*** Opening of DATASET EXTRACT ***

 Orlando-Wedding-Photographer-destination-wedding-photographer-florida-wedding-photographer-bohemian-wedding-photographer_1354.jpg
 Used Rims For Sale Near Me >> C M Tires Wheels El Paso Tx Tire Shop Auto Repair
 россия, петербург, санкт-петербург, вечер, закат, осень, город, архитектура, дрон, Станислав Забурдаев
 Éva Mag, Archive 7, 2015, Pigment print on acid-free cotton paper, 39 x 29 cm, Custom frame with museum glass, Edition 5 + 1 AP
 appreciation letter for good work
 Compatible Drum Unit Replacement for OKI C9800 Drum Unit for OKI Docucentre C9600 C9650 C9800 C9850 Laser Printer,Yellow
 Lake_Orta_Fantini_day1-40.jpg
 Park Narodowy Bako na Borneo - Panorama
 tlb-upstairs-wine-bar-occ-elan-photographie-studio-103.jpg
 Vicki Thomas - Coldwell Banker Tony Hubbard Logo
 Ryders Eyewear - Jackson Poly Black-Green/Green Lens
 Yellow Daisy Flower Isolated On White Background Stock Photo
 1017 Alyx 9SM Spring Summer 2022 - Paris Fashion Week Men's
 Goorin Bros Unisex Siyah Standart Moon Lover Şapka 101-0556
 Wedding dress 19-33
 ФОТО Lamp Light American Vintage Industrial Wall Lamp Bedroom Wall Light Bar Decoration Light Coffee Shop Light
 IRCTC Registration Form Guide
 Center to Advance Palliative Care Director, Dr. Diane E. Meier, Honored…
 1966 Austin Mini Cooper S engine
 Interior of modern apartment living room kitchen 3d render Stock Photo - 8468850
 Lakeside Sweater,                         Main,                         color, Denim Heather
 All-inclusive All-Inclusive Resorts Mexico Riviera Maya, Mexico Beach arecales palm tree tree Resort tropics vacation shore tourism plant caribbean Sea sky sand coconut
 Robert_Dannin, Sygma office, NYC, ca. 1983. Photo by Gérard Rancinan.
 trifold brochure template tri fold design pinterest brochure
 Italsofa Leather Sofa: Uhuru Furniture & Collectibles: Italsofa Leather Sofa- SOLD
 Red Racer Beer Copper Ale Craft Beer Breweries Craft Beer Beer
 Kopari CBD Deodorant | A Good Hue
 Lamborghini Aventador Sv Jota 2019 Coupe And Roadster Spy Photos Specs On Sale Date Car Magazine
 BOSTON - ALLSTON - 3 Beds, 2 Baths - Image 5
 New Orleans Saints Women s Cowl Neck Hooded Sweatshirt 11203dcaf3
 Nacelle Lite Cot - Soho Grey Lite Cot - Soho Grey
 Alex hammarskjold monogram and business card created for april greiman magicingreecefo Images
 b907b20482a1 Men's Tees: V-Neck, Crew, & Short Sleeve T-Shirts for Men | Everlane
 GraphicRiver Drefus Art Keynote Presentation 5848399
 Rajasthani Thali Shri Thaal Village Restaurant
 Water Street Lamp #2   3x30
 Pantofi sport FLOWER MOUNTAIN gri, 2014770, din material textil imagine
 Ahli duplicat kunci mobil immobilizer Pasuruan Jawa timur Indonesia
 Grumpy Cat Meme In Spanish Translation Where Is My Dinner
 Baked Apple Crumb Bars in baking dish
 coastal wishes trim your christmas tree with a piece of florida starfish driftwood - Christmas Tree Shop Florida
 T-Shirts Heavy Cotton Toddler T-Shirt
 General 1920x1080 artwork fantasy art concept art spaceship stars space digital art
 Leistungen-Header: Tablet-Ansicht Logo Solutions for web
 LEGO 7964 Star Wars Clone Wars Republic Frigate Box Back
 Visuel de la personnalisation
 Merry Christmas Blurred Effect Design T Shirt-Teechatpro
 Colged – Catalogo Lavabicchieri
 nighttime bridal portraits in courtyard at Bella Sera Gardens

*** Close of DATASET EXTRACT ***

WORK TO COMPLETE
Give only the lines from the one holding "All-inclusive All-Inclusive Resorts" through the one holding "Robert_Dannin, Sygma office, NYC, ca.", each restated exactly as it appears above.

RESPONSE TO THIS EXERCISE
 All-inclusive All-Inclusive Resorts Mexico Riviera Maya, Mexico Beach arecales palm tree tree Resort tropics vacation shore tourism plant caribbean Sea sky sand coconut
 Robert_Dannin, Sygma office, NYC, ca. 1983. Photo by Gérard Rancinan.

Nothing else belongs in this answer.